Демид щелкнул пальцем по фотографии.
— Нехай себе висит, он хлеба не просит. — Подавив зевоту, Демид подошел к Турчаку: — Давайте «филечку» сгоняем, а то завели политграмоту — слушать тошно.
От «фильки» собеседники отказались и один за другим стали прощаться. Первыми, замотав в платки пряжу, ушли бабы. За ними отправились дед Силыч с Турчаком, потом Тимоха Шелюгин с дядей Лукой.
Острецов задержался. Нарочито медля, он разорвал непочатую пачку папирос, протянул одну папиросу Демиду и спросил осторожно:
— Интересный разговор, правда?
— Какой разговор? — не понял Демид.
— Про шалопутов, про кулаков и про все прочее.
Демид аккуратно размял тугую папиросу.
— Никчемный разговор, завели его зря, от нечего делать.
— Почему ж от нечего делать? Это, брат, как сказать. Сегодня в кулаки записали Тимоху Шелюгина, а завтра нас с тобой, старых конармейцев, туда же запишут. Что мы тогда запоем?
Давая понять, что гостям пора расходиться, Ганя взяла веник у печки, смахнула с лежанки остатки соломы и проговорила, словно про себя:
— Мне тоже сдается, что разговор этот завели напрасно, никому он не нужен. А про вас, Степан Алексеевич, люди бог знает что могут подумать. Заслуженный, скажут, человек, красный командир, а речи у него непонятные.
— Ну, это ерунда, — блеснул глазами Острецов, — мне на это наплевать.
Он вышел вместе с Андреем, зябко передернул плечами, поднял капюшон плаща, в переулке сразу свернул и исчез в темноте.

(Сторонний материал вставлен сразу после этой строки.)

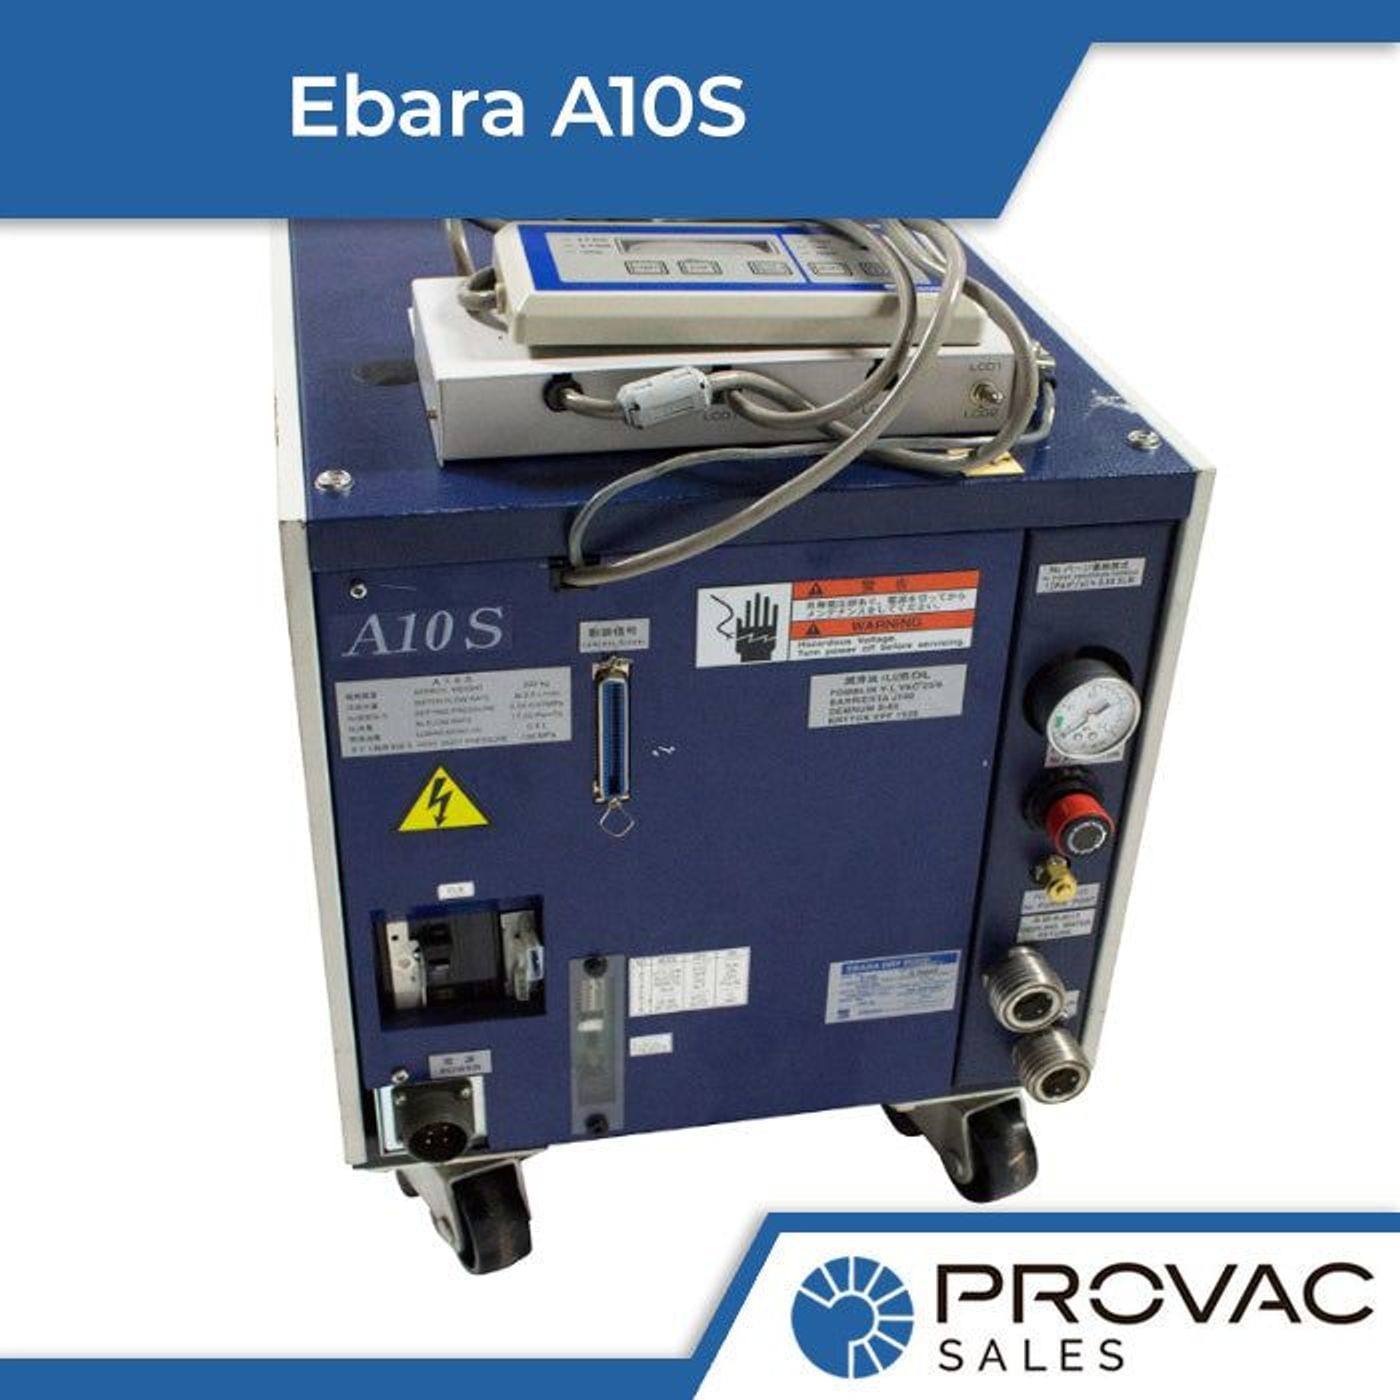 Product Spotlight: Ebara A10S Dry Pump

Андрей постоял под деревьями, послушал, как шумит мелкий, холодный дождь. В деревне еще светились редкие огни. Наверху, на холме, тоже видны были два огонька — в двух окнах ставровского дома. Поеживаясь от сырости, Андрей побрел домой. За плотиной, у подножия холма, ночная темень вдруг поредела, стала мутно-белесоватой, текучей, и Андрей скорее почувствовал, чем понял, что дождь прекратился и посыпал густой влажный снег. Огни внизу совсем потускнели, расплылись в едва заметные пятна. Слева, со стороны невидимого Казенного леса, потянуло холодным дыханием близкого мороза. Сквозь сырую мглу ночи вместе со слабыми запахами земли, навоза и дыма до Андрея дошло это крепкое, опьяняюще свежее морозное дыхание, и он несколько раз глубоко глотнул воздух, захлебываясь и задерживая в груди каждый выдох.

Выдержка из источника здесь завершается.